-- Source information follows --

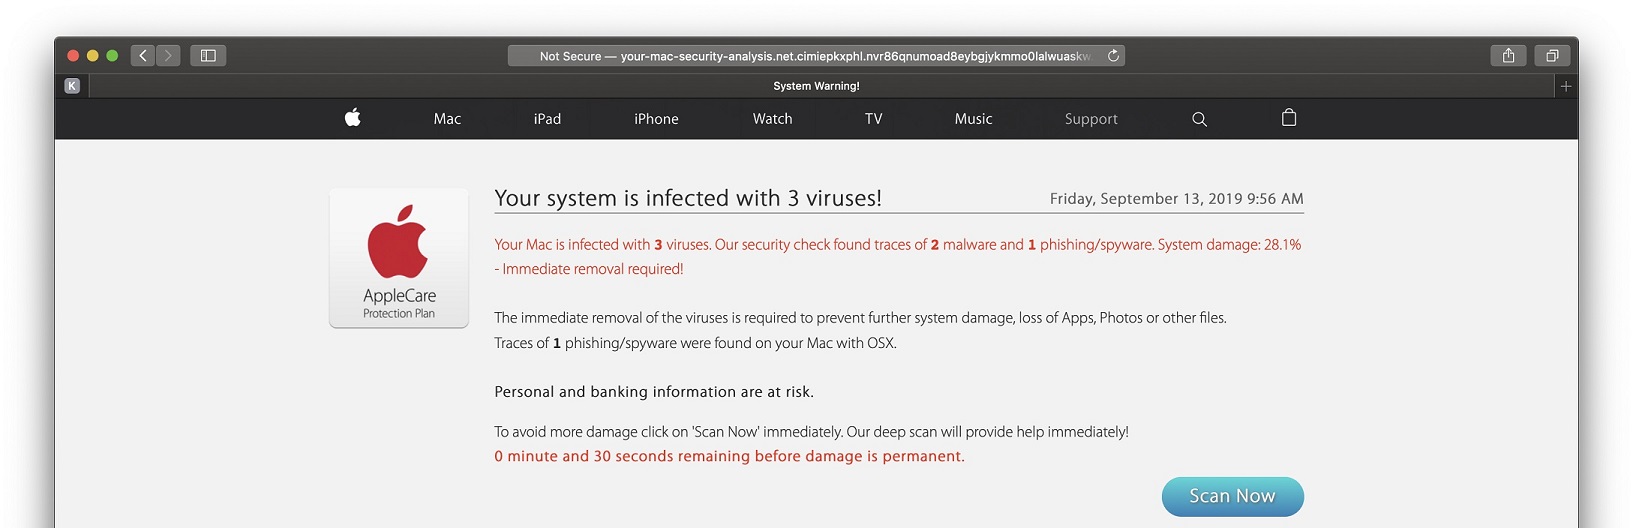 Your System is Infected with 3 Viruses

-- Source information concluded --
-- Source information follows --

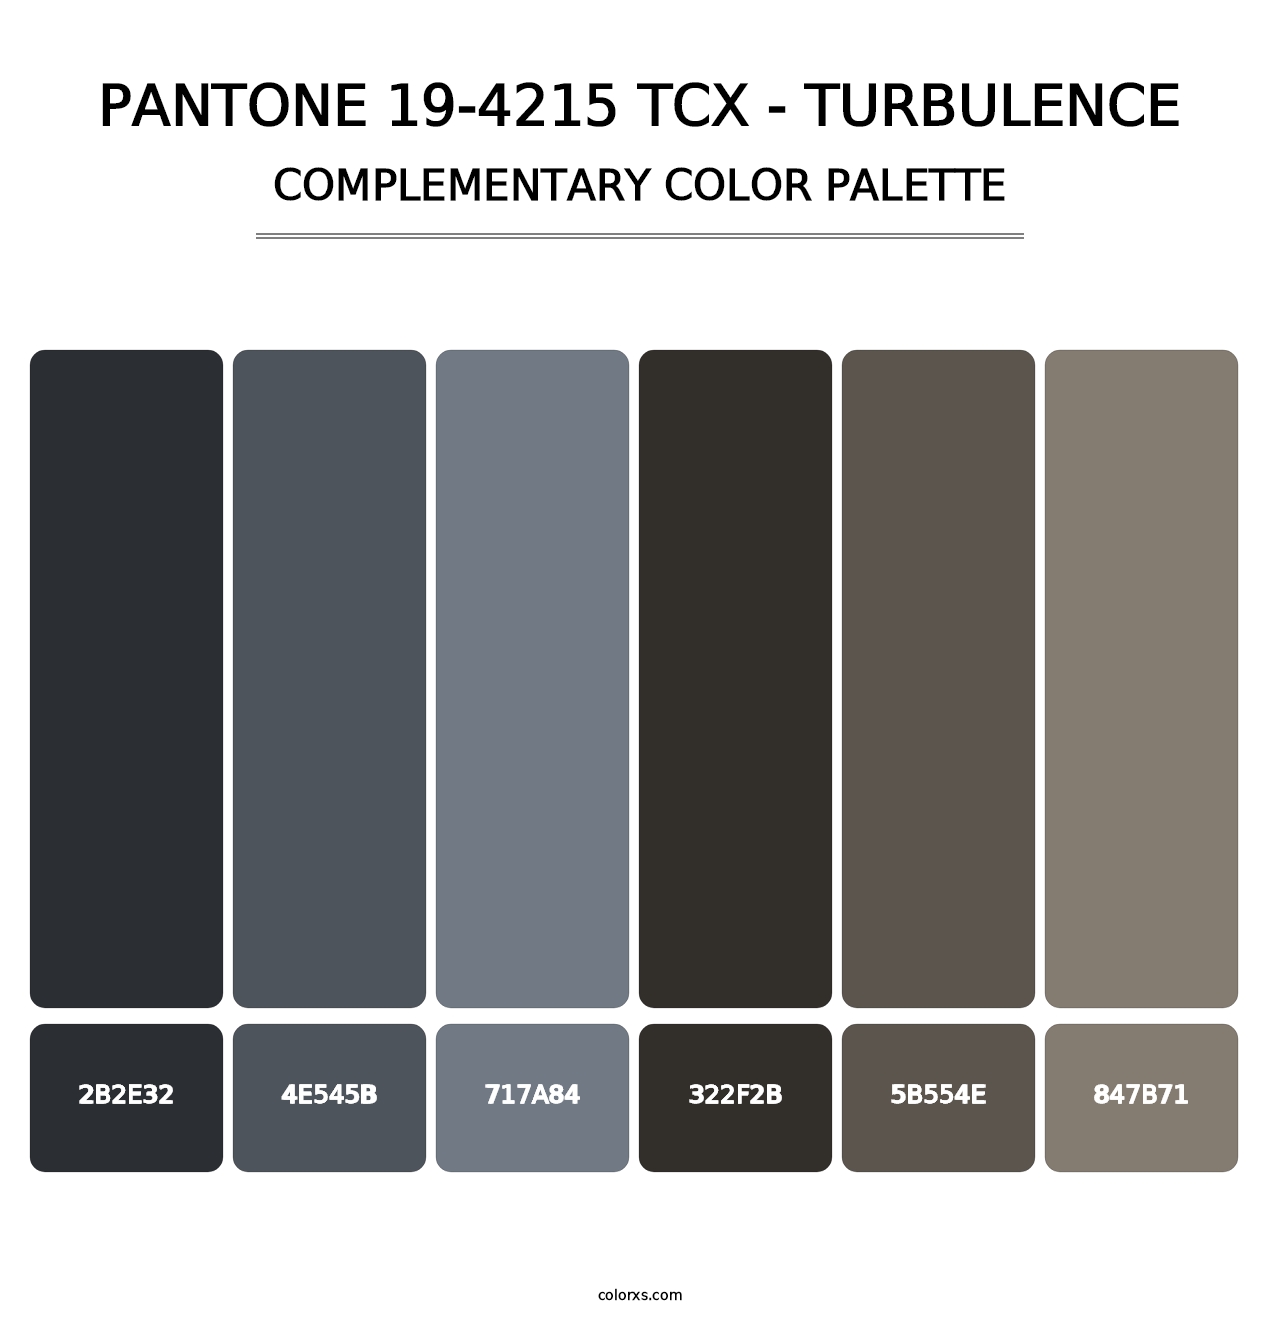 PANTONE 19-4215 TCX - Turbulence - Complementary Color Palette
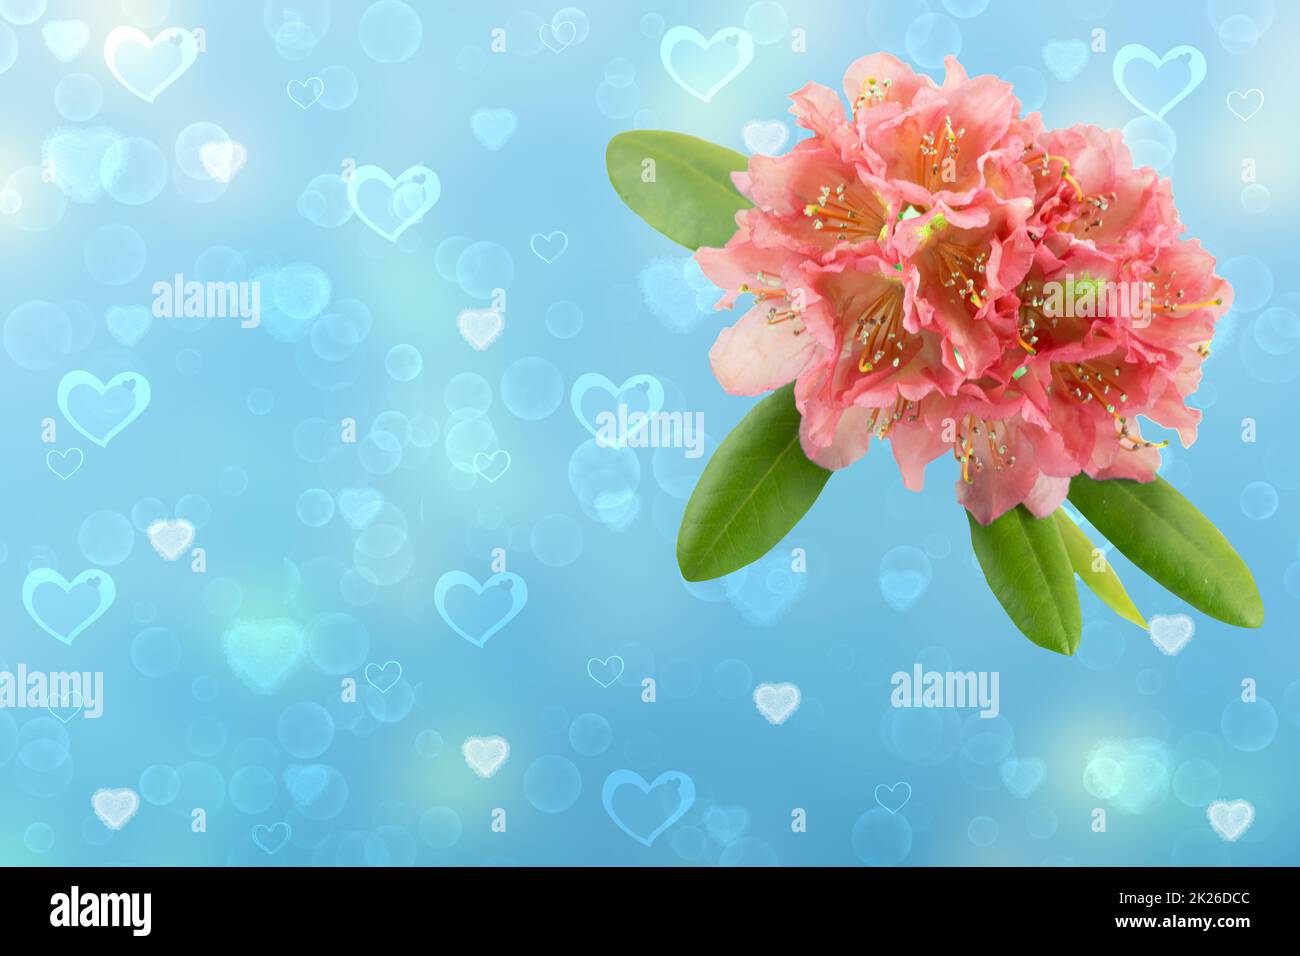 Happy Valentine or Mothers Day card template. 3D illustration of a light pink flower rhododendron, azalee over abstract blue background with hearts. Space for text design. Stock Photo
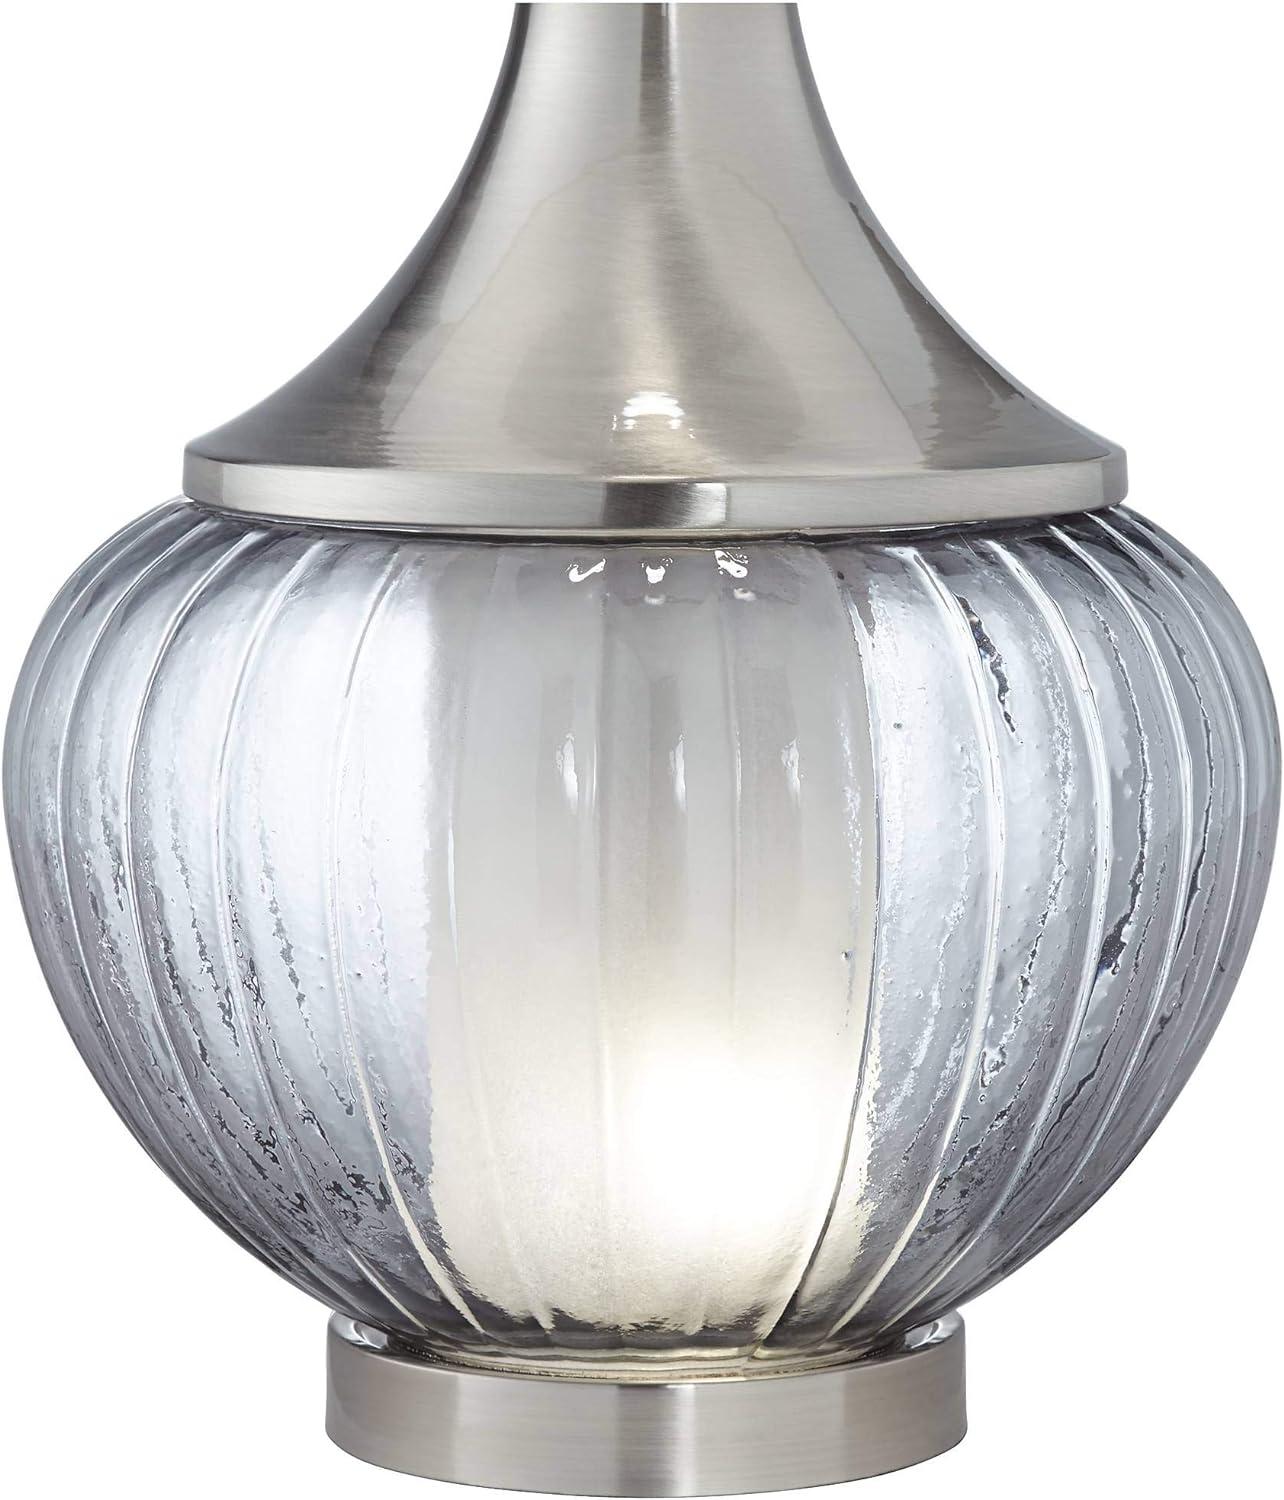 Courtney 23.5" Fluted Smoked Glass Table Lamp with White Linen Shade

-- Source information concluded --
-- Source information follows --

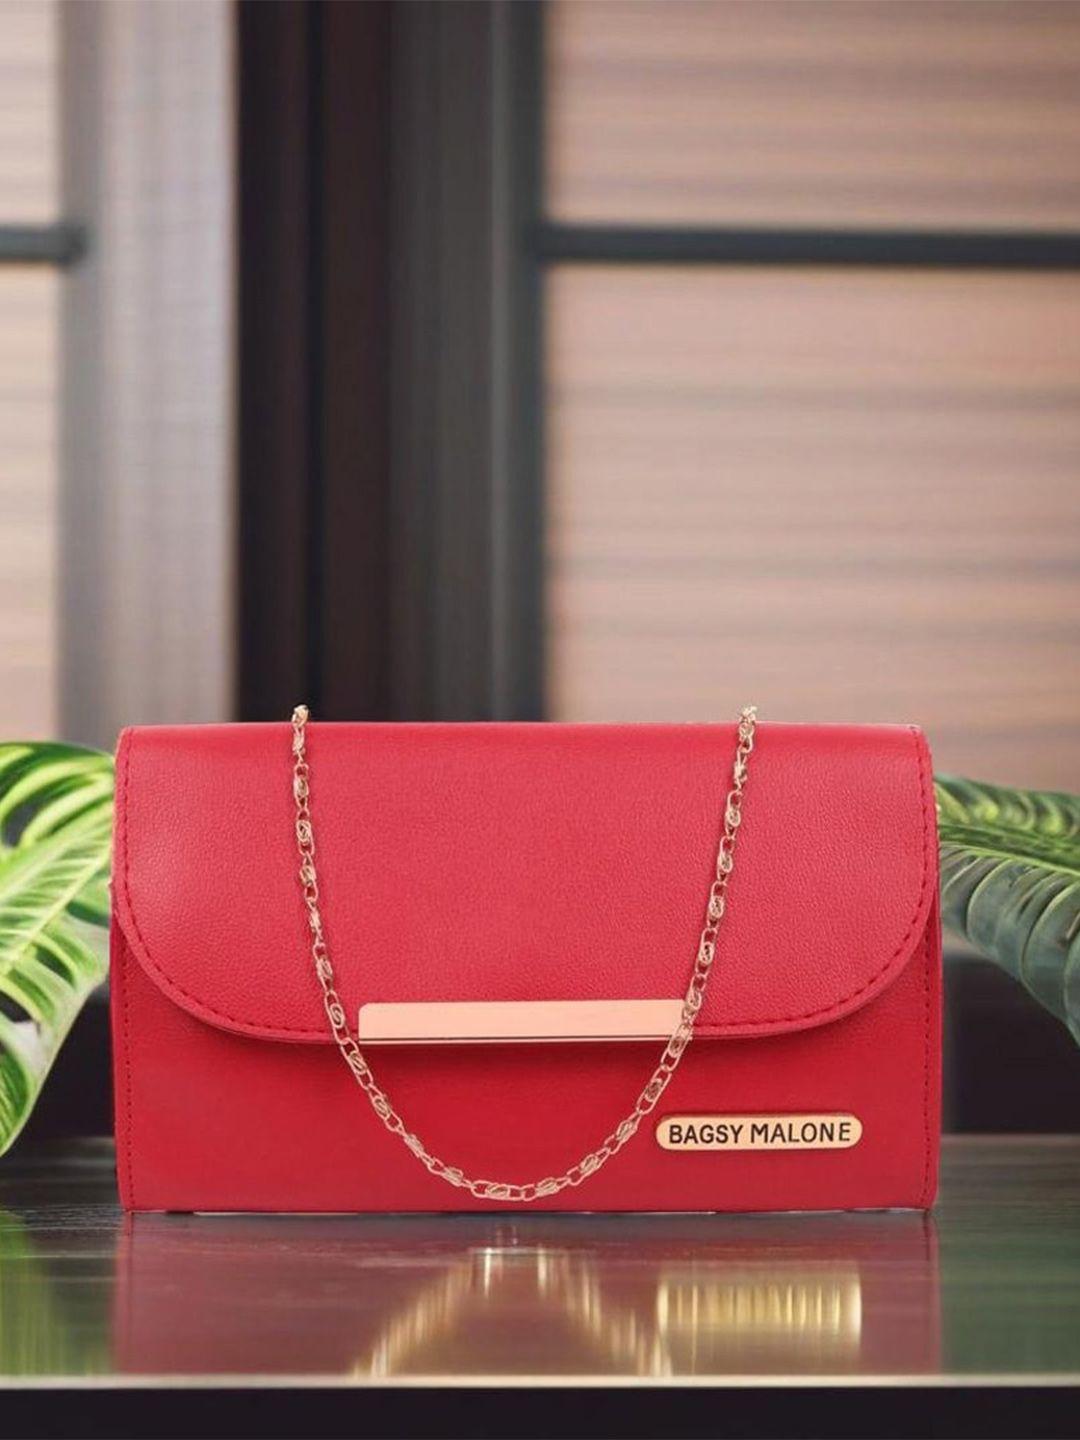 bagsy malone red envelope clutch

-- Source information concluded --

:: Exercise description ::
Please output the lines above beginning at the line with "Happy Valentine or" and ending after the line with "White Linen Shade", precisely as written and with no pictures.

:: Your response ::
 Happy Valentine or Mothers Day card template. 3D illustration of a light pink flower rhododendron, azalee over abstract blue background with hearts. Space for text design. Stock Photo
 Courtney 23.5" Fluted Smoked Glass Table Lamp with White Linen Shade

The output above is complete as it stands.